Introduction:
In this question, we are asked to determine the total number of non-isomorphic groups of order 142. To solve this problem, we need to understand the concept of group isomorphism and apply it to the given order.

Group Isomorphism:
Group isomorphism is a relation between two groups that preserves the group structure. Two groups, G and H, are isomorphic if there exists a bijective function (one-to-one correspondence) f from G to H such that for any two elements a and b in G, the operation on a and b is the same as the operation on f(a) and f(b) in H.

Key Point:
The number of non-isomorphic groups of a given order can be determined by finding the number of distinct isomorphism classes of groups of that order.

Prime Factorization:
To determine the number of non-isomorphic groups of order 142, we first need to factorize 142 into its prime factors. The prime factorization of 142 is 2 × 71.

Key Point:
The number of non-isomorphic groups of order p × q, where p and q are distinct prime numbers, is equal to the number of non-isomorphic groups of order p multiplied by the number of non-isomorphic groups of order q.

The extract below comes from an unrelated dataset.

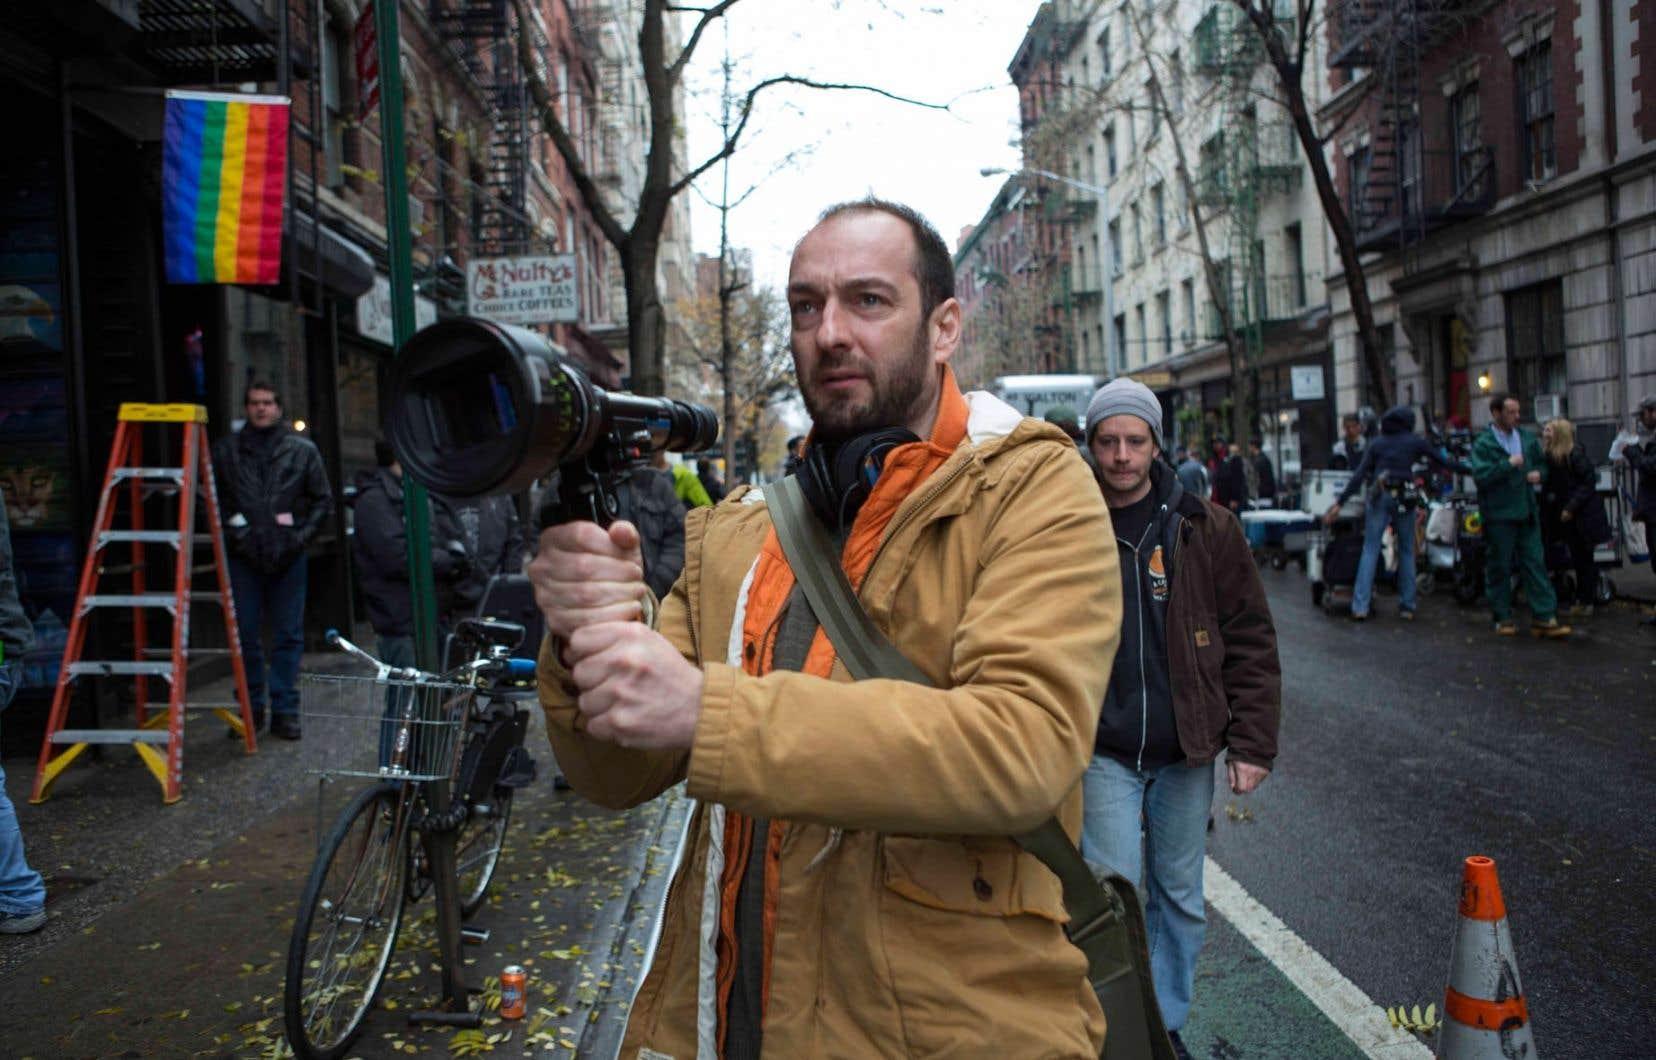 Pour le remake de Starbuck, tourné aux États-Unis, le réalisateur Ken Scott voulait s'entourer d'une équipe croyant au projet.

Step 1: Number of Non-Isomorphic Groups of Order 2:
The number of non-isomorphic groups of order 2 is 1. This is because the only group of order 2 is the cyclic group of order 2, which is isomorphic to itself.

Step 2: Number of Non-Isomorphic Groups of Order 71:
To determine the number of non-isomorphic groups of order 71, we can use the fact that groups of prime order are cyclic. Therefore, the number of non-isomorphic groups of order 71 is also 1.

Step 3: Total Number of Non-Isomorphic Groups:
Using the key point mentioned earlier, the total number of non-isomorphic groups of order 142 is equal to the number of non-isomorphic groups of order 2 multiplied by the number of non-isomorphic groups of order 71, which is 1 × 1 = 1.

Conclusion:
The total number of non-isomorphic groups of order 142 is 1.